━━ Collected material

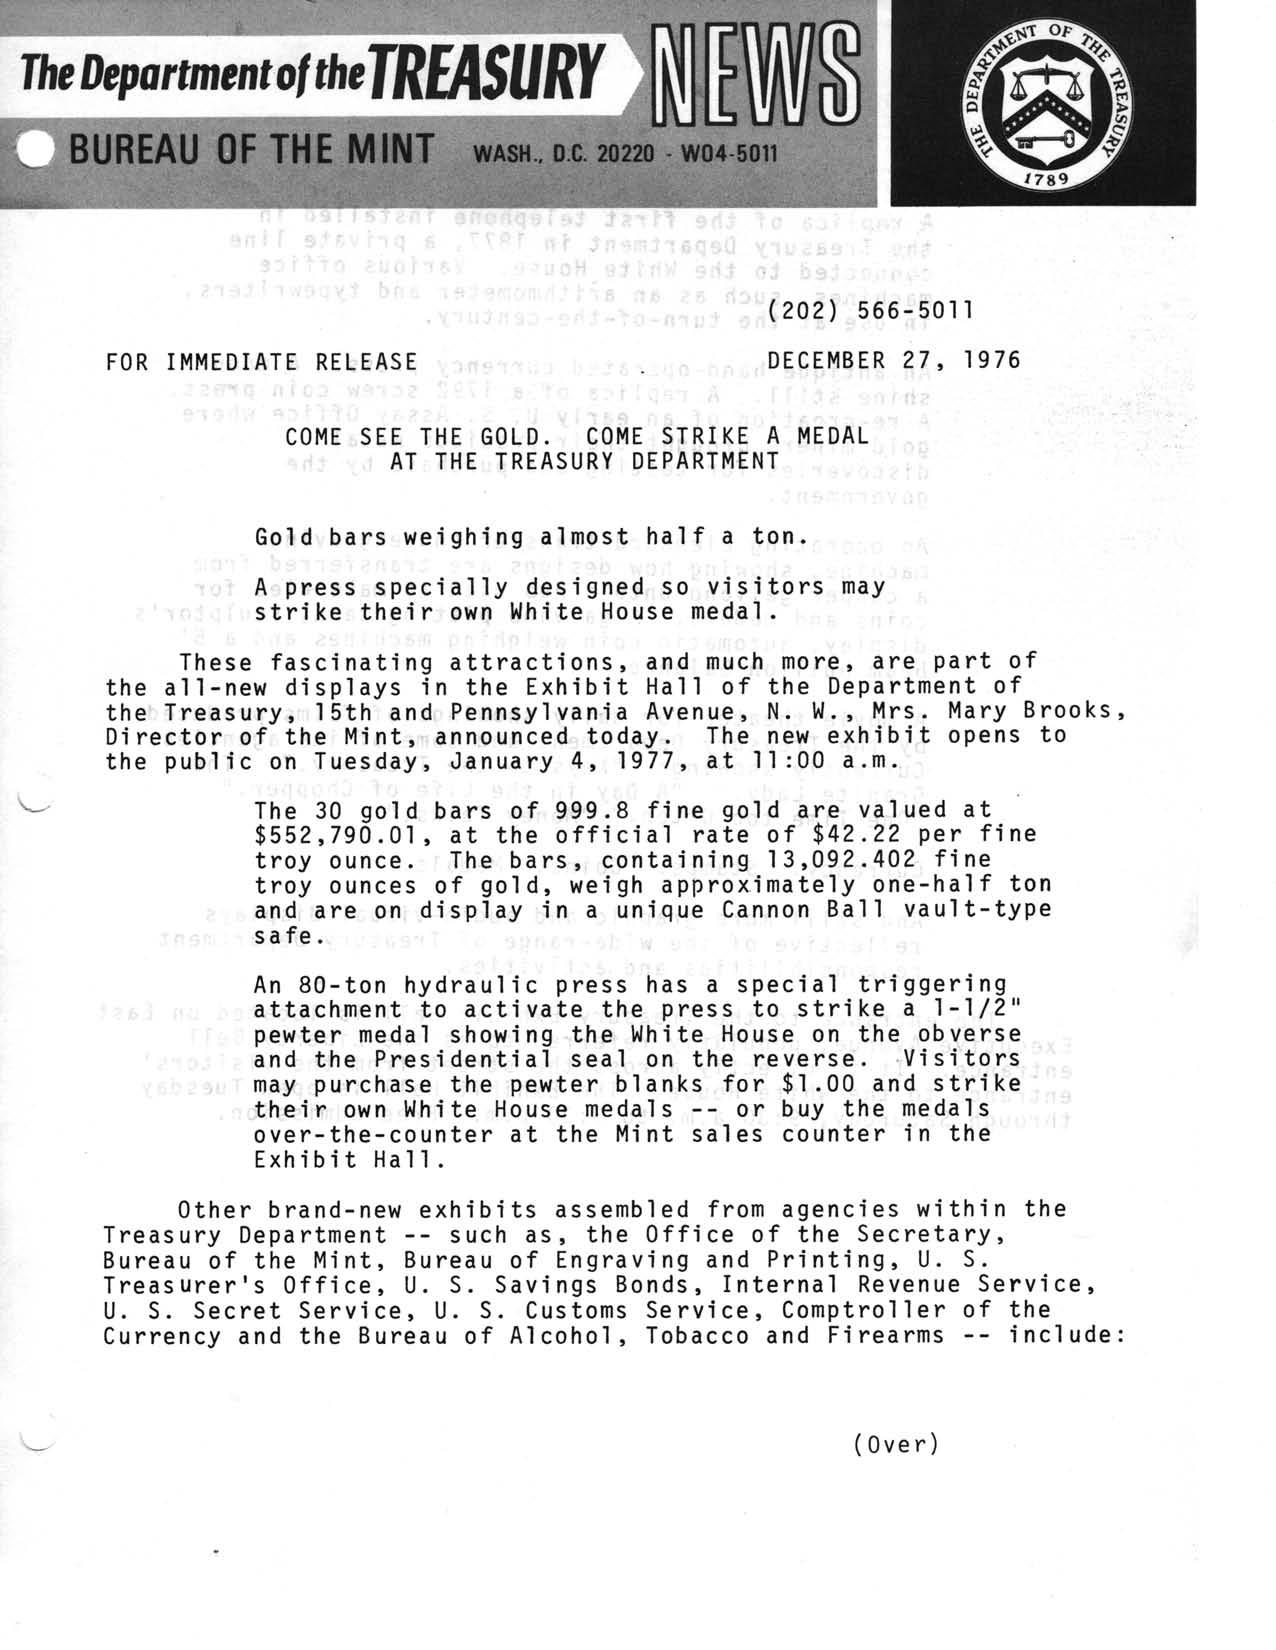 Historic Press Release: New Treasury Exhibit Displays, Page 1
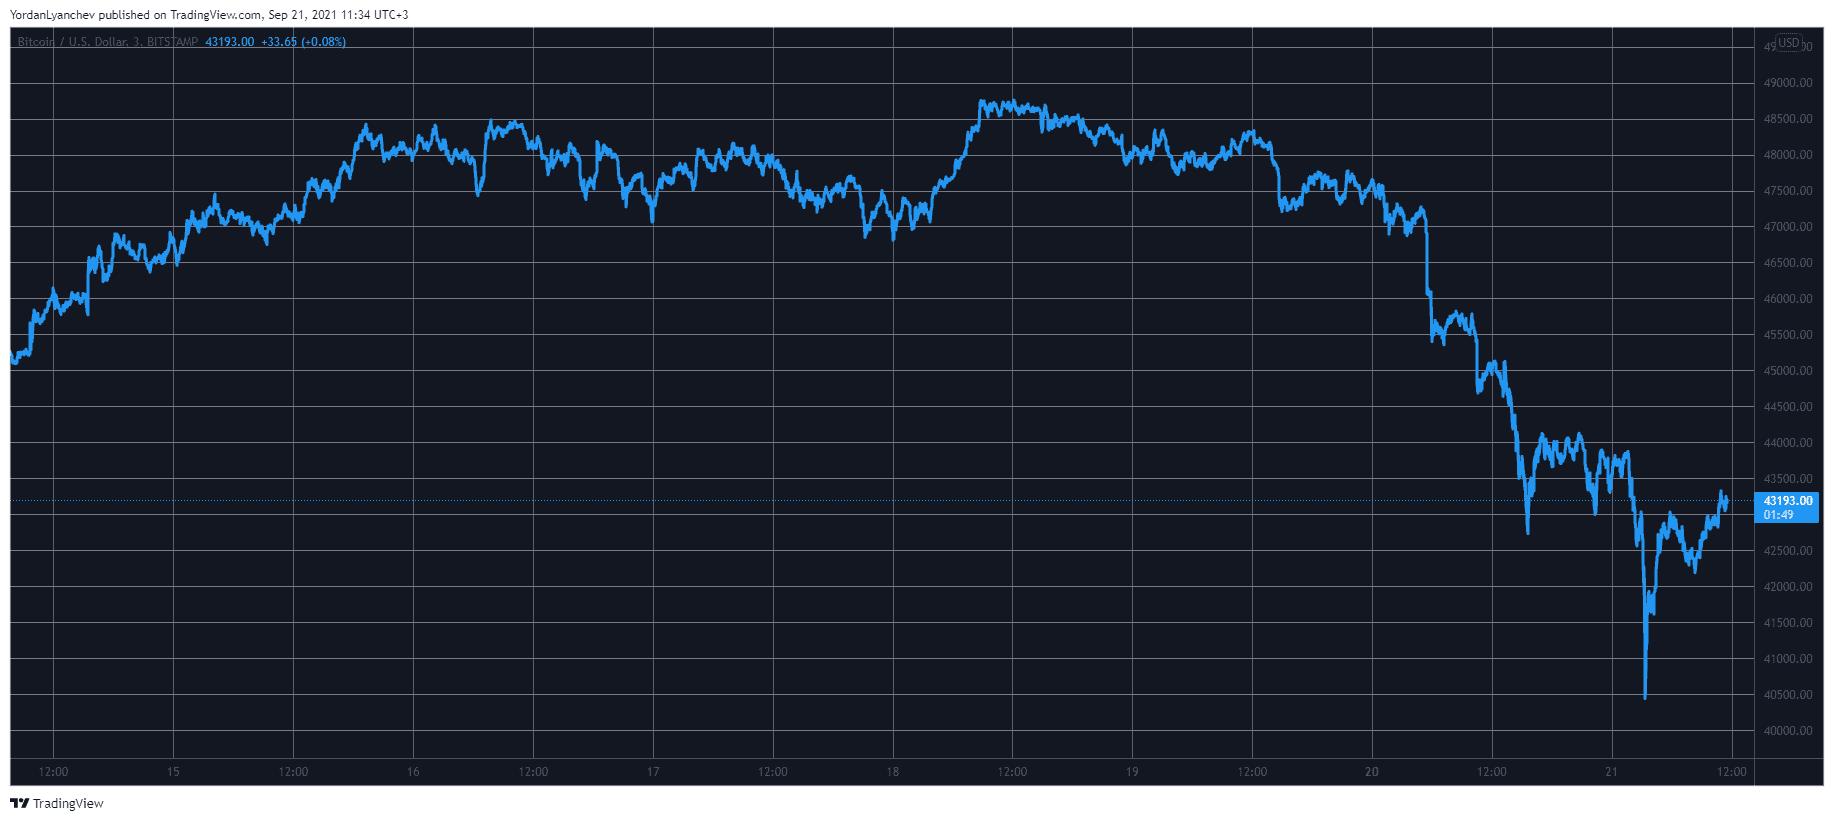 Bitcoin Dipped to $40K Amid Global Stocks Pullback (Market Watch)
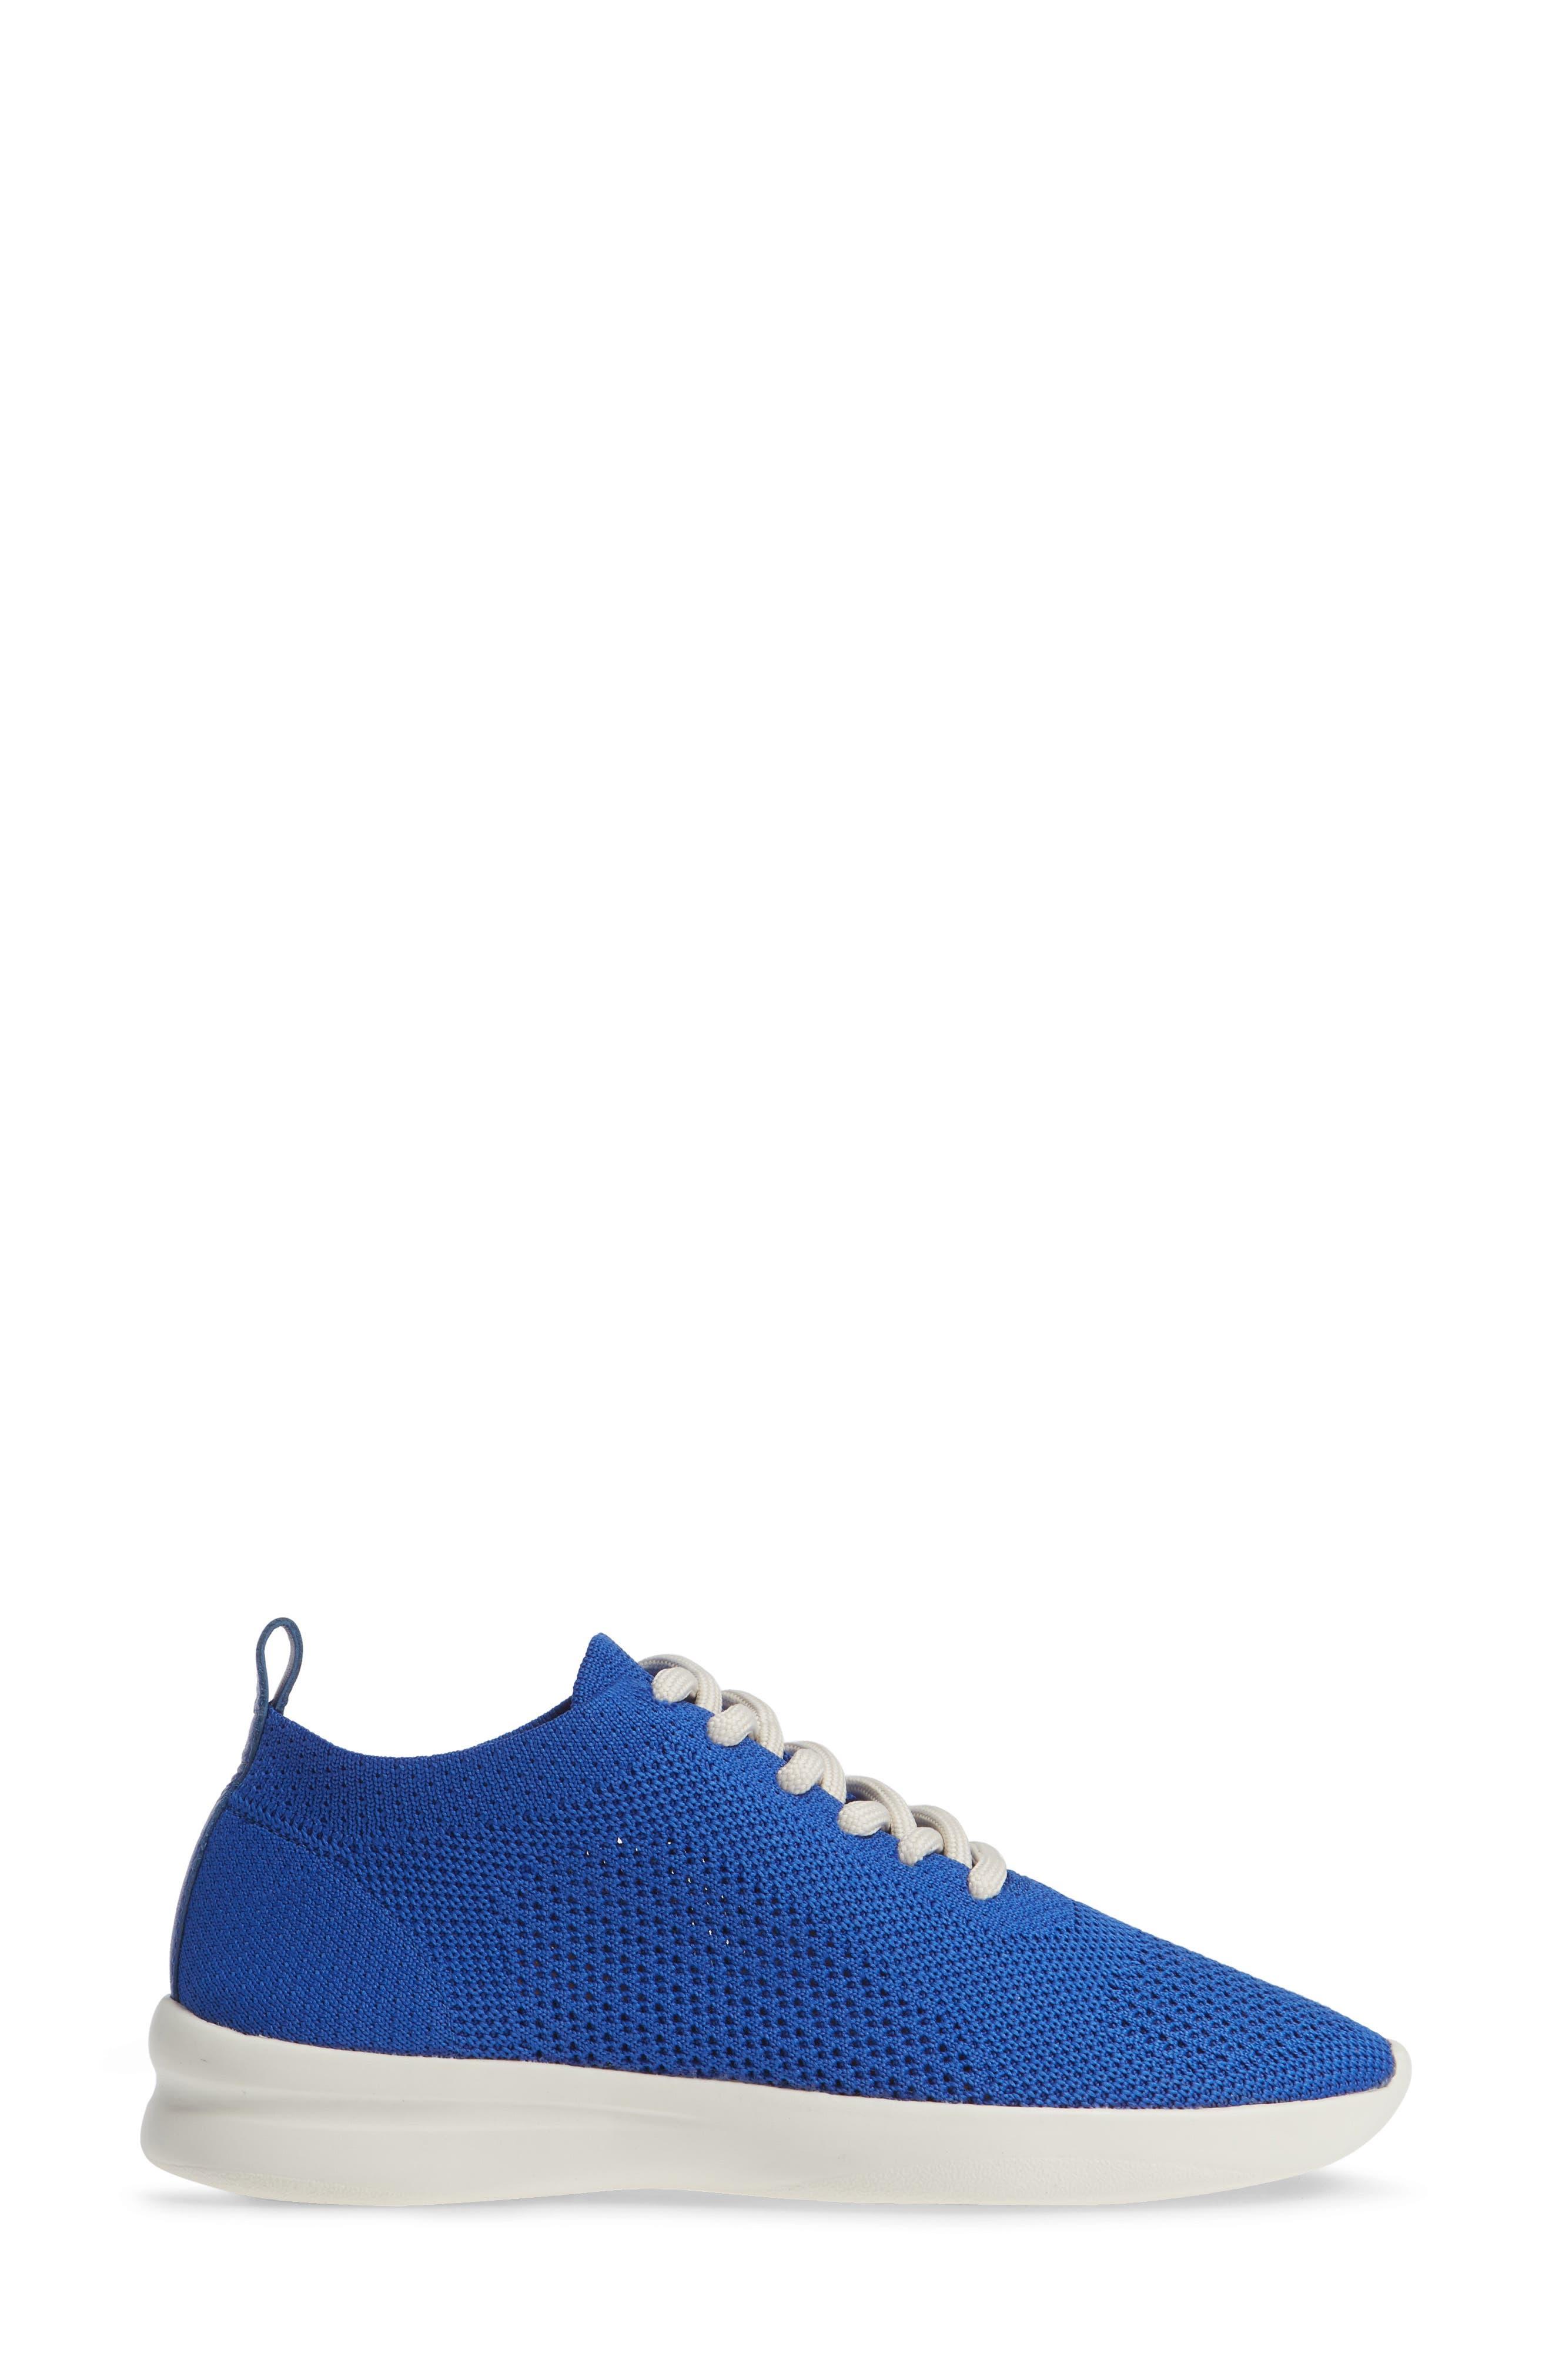 Randee Sneaker,                             Alternate thumbnail 4, color,                             Blue Fabric

━━━━

For this exercise, return the material word for word and drop each image.

 Historic Press Release: New Treasury Exhibit Displays, Page 1
 Bitcoin Dipped to $40K Amid Global Stocks Pullback (Market Watch)
 Randee Sneaker,                             Alternate thumbnail 4, color,                             Blue Fabric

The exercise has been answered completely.